Burton Committed to Banta Acquisition
STAMFORD, CT—Refuting the assertion that Cenveo’s bid to acquire Banta was “a highly conditional and ambiguous overture,” Cenveo Chairman and CEO Robert Burton responded by increasing his offer from $46 to $47 per share, or $1.14 billion.
In a letter Tuesday to Stephanie Streeter, Banta chairman, president and CEO, Burton reiterated his belief that a combined company “will maintain a balanced portfolio of print and print-related services enabling it to compete more efficiently in the industry and provide even better service to its customers.”
Burton asked Streeter to meet with him to discuss the purchase.
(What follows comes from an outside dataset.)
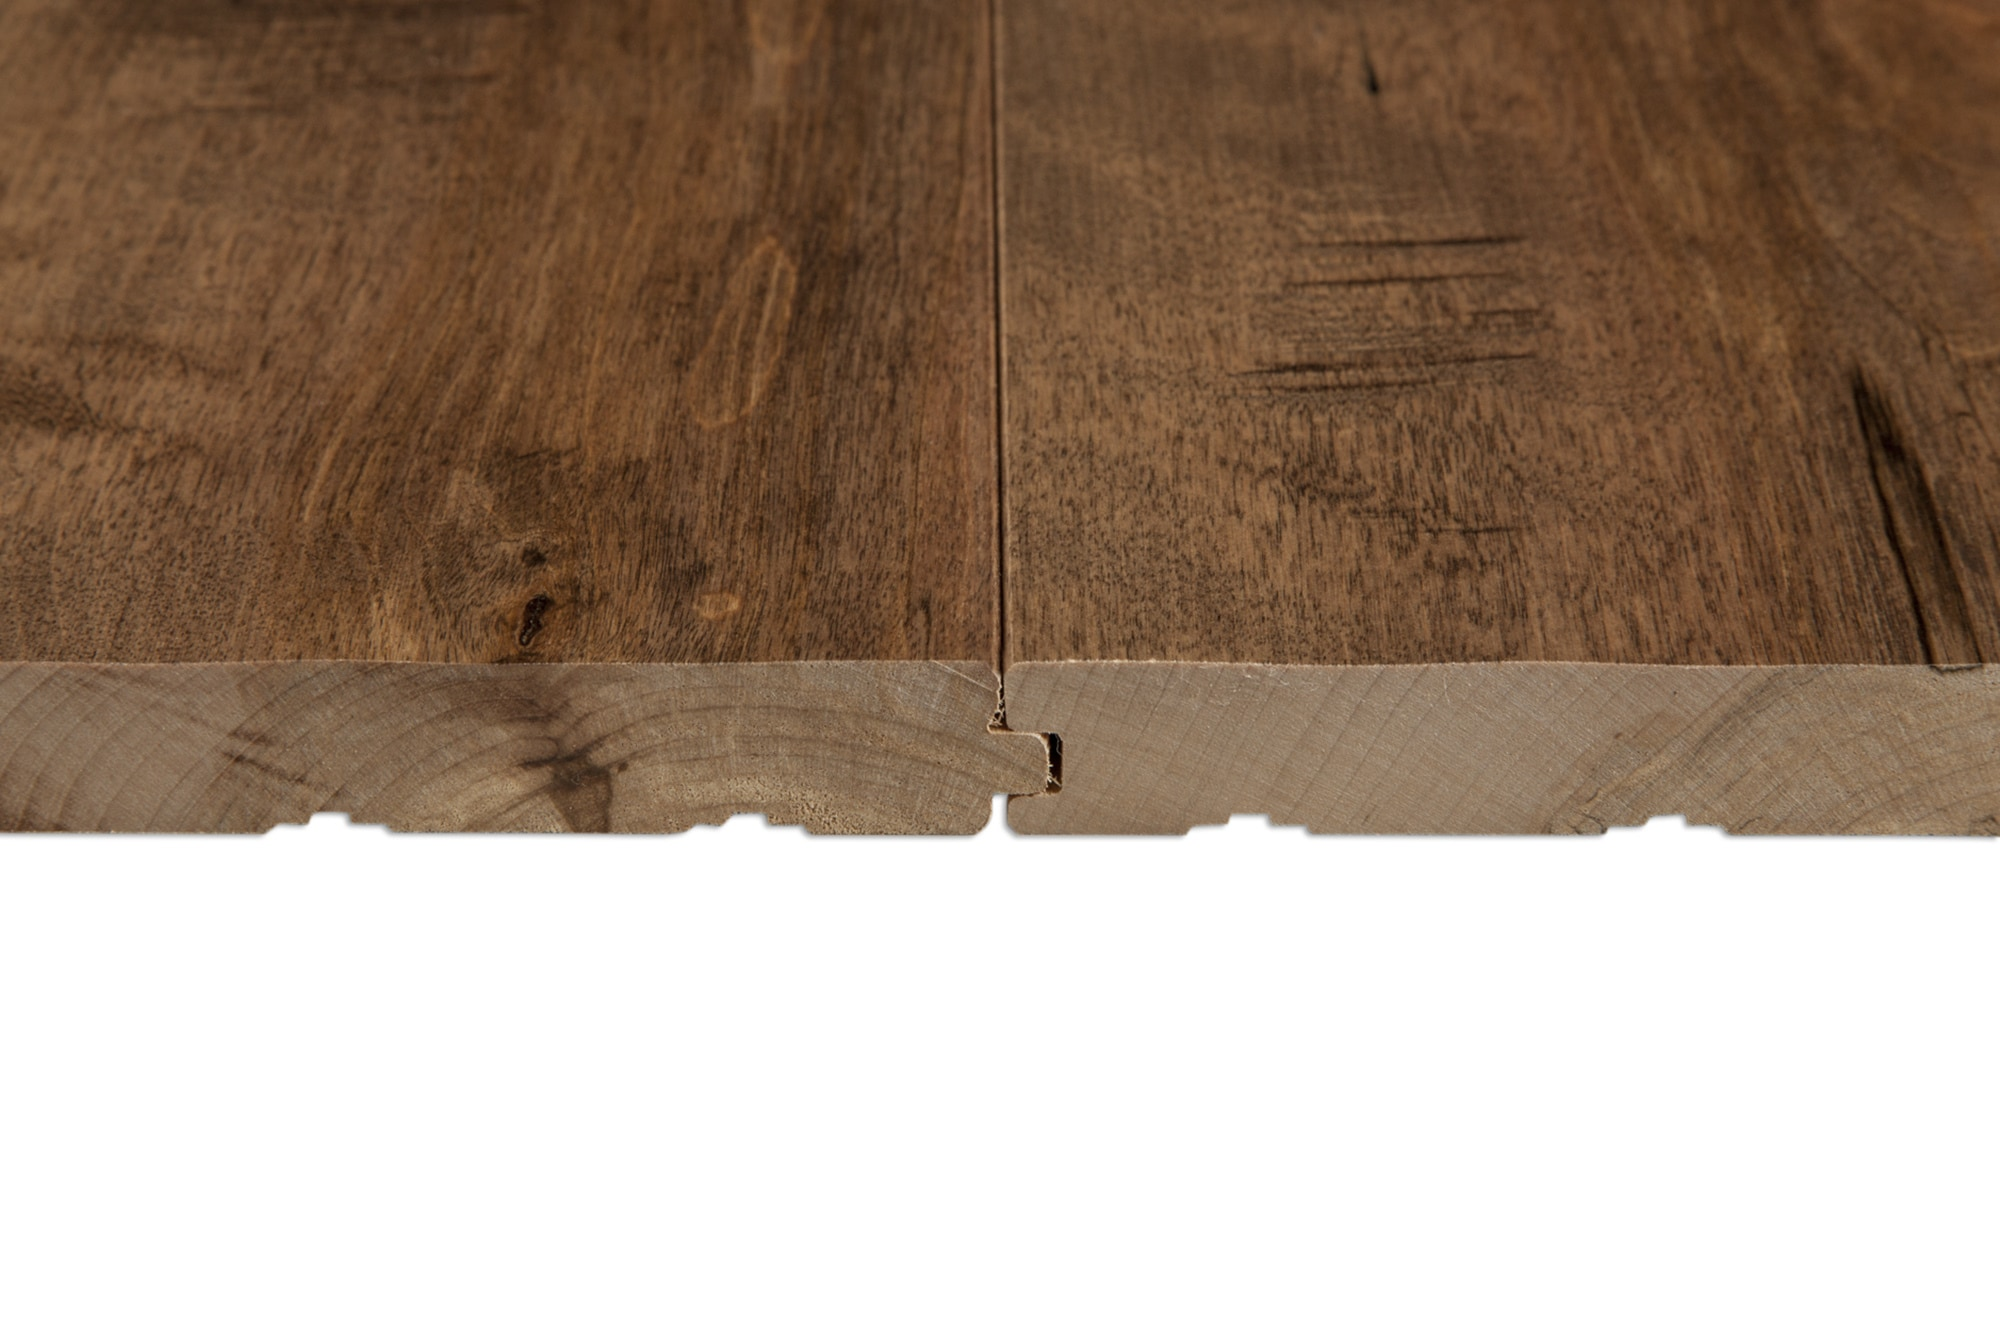 Century Hardwood Flooring room scene Free Samples Mazama Hardwood Handscraped Tropical Collection Maple Century 5 Random Length

As in past courtships of graphic arts concerns, Burton refuses to discuss the Xs and Os of a master plan for improving the company.
“These meetings end up discussing who keeps their jobs and potential layoffs,” Burton wrote. “I do not plan to meet with you to discuss these matters, where you can then tell me the company is not for sale.”
Addressing some concerns cited in Streeter’s August 18 letter, Burton noted that financial commitments have been made by Lehman Brothers and Wachovia to provide necessary financing to acquire Banta’s outstanding shares in an all-cash transaction. He also assured Streeter that the due diligence required would only be “confirmatory,” and that he has confidence in the accuracy of Banta’s public filings.
Burton feels the $47 a share offer, a 38 percent premium to Banta’s closing price on August 8, is more than fair value for Banta, which saw its stock price spike. “I assume you realize that if we pull our $47 per share proposal, your stock will go back to the mid-to-low $30 range,” he wrote.
Among Burton’s conclusions was the belief that Banta’s $3 million cost savings plan “is a very weak attempt at fixing a large and growing problem. I believe that Banta needs to at least reduce their fixed costs by tens of millions of dollars to be competitive in today’s print environment.”